The execution state consists of the default set, potentially other named sets, and for block statements a stack. A set can contain nodes, ways, relations and areas, also of mixed type and of any number. Sets are created as result sets of statements and are read by subsequent statements as input. Unless you specify a named set as input or result, all input is read from and all results are written to the default variable, named _ (a single underscore). Names for sets may consists of letters, digits and the underscore but must not start with a digit.

There are several different types of statement. You almost always need the print statement, which is called an action, because it has an effect outside the execution state (the output). The other statements are grouped into

  • Standalone queries: These are complete statements on their own.
  • Clauses: They are always part of a query statement and contain the interesting selectors and filters.
  • Block statements: They group statements and enable disjunctions as well as loops.
  • Settings: Things like output format that can be set once at the beginning.

Sets

Overpass QL can work with sets. By default, everything is read from and send to the default set "_".

To send something to a different set, use the "->" syntax. For example

  (node[name="Foo"];)->.a;

will store all nodes with name=Foo in set "a".

To select something from a set, append the command with ".a".

  node.a[amenity=foo];

will return all nodes in the set "a" that have the tag amenity=foo.

Block statements

union

The union block statement is written as a pair of parentheses. Inside the union, any sequence of statements can be placed, including nested union and foreach statements.

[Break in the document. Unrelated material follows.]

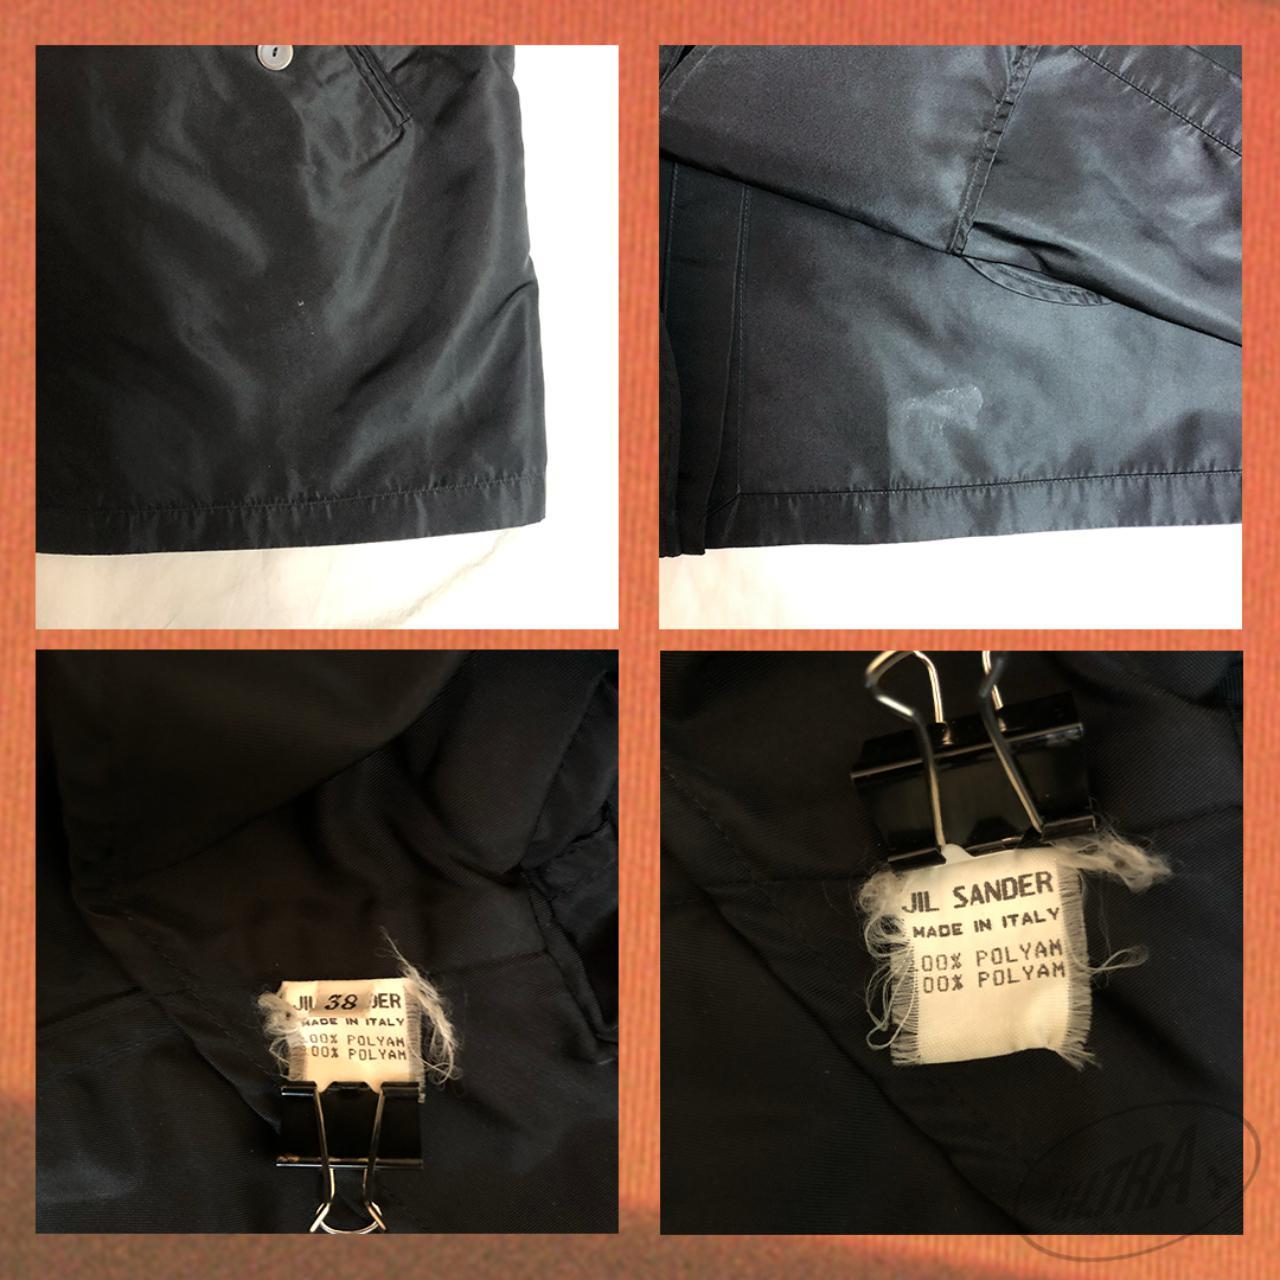 Product Image 4 - Vintage Jil sander jacket /

It takes no input set. It produces a result set. Its result set is the union of the result sets of all substatements, regardless of whether a substatement has a redirected result set or not.

Example:

  (node[name="Foo"];way[name="Foo"];);

This collects in the first statement all nodes that have a name tag "Foo" and in the second statement all ways that have a name tag "Foo". After the union statement, the result set is the union of the result sets of both statements.

The result set of the union statement can be redirected with the usual postfix notation:

Example:

  (node[name="Foo"];way[name="Foo"];)->.a;

Same as the preceding example, but the result is written into the variable a.

difference

The difference block statement is written as a pair of parentheses. Inside the difference statement, exactly two statements must be placed, and between them a minus sign.

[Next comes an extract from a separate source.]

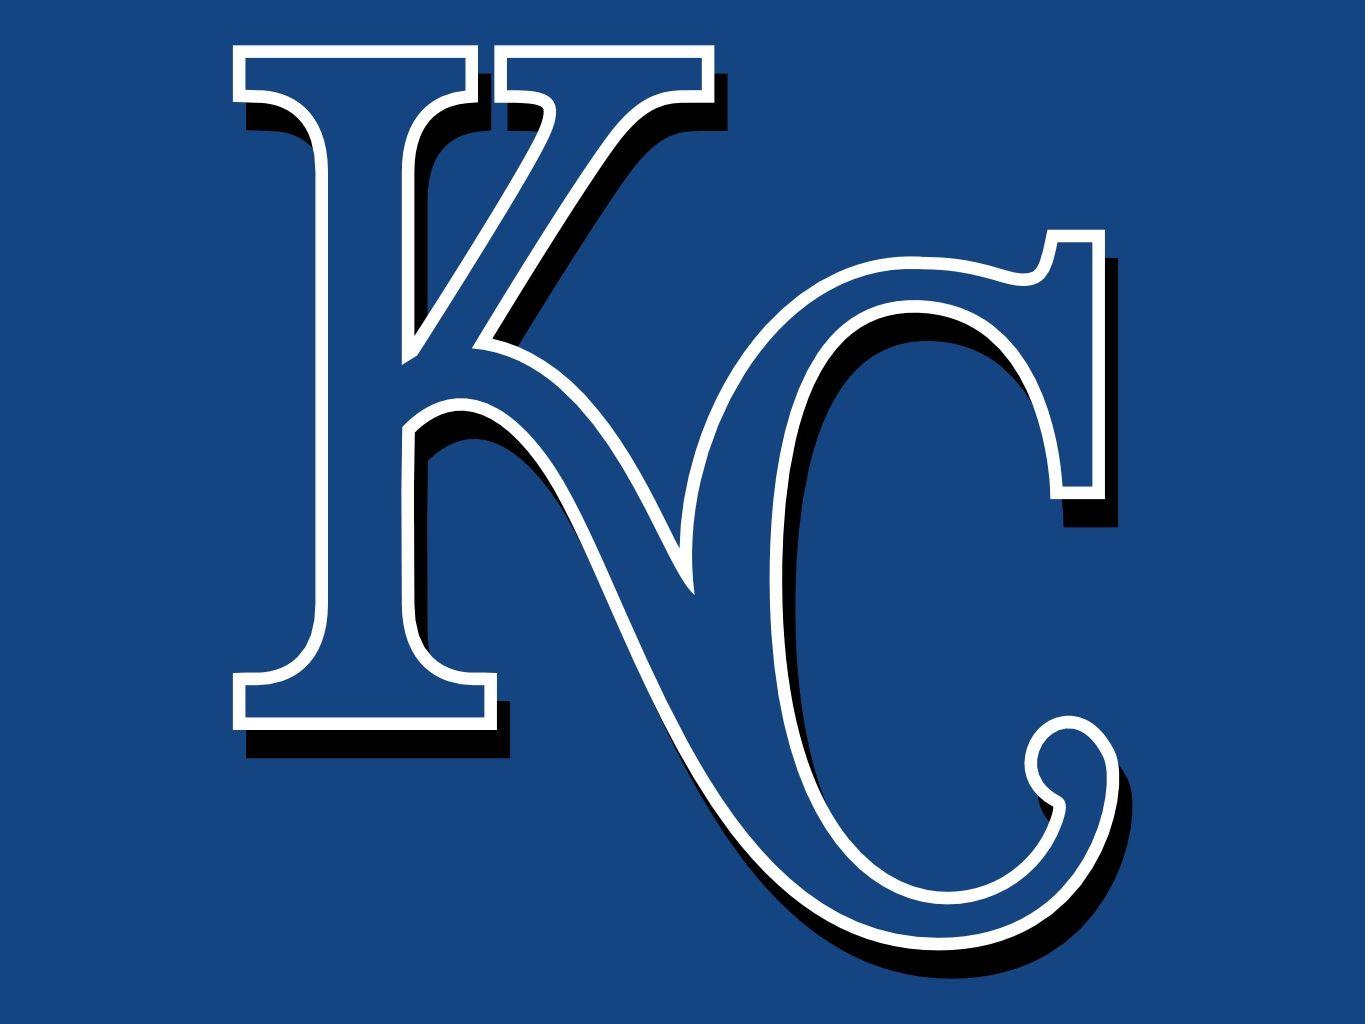 Kansas City Royals. Odd

It takes no input set. It produces a result set. Its result set contains all elements that are result of the first substatement and not contained in the result of the second substatement.

Example:

  (node[name="Foo"]; - node(50.0,7.0,51.0,8.0););

This collects all nodes that have a name tag "Foo" but are not inside the given bounding box.

The result set of the difference statement can be redirected with the usual postfix notation:

Example:

  (node[name="Foo"]; - node(50.0,7.0,51.0,8.0);)->.a;

Same as the preceding example, but the result is written into the variable a.

foreach

The foreach block statement is written as the keyword foreach, followed by a pair of parentheses. Inside these parentheses, any sequence of statements can be placed, including nested union and foreach statements.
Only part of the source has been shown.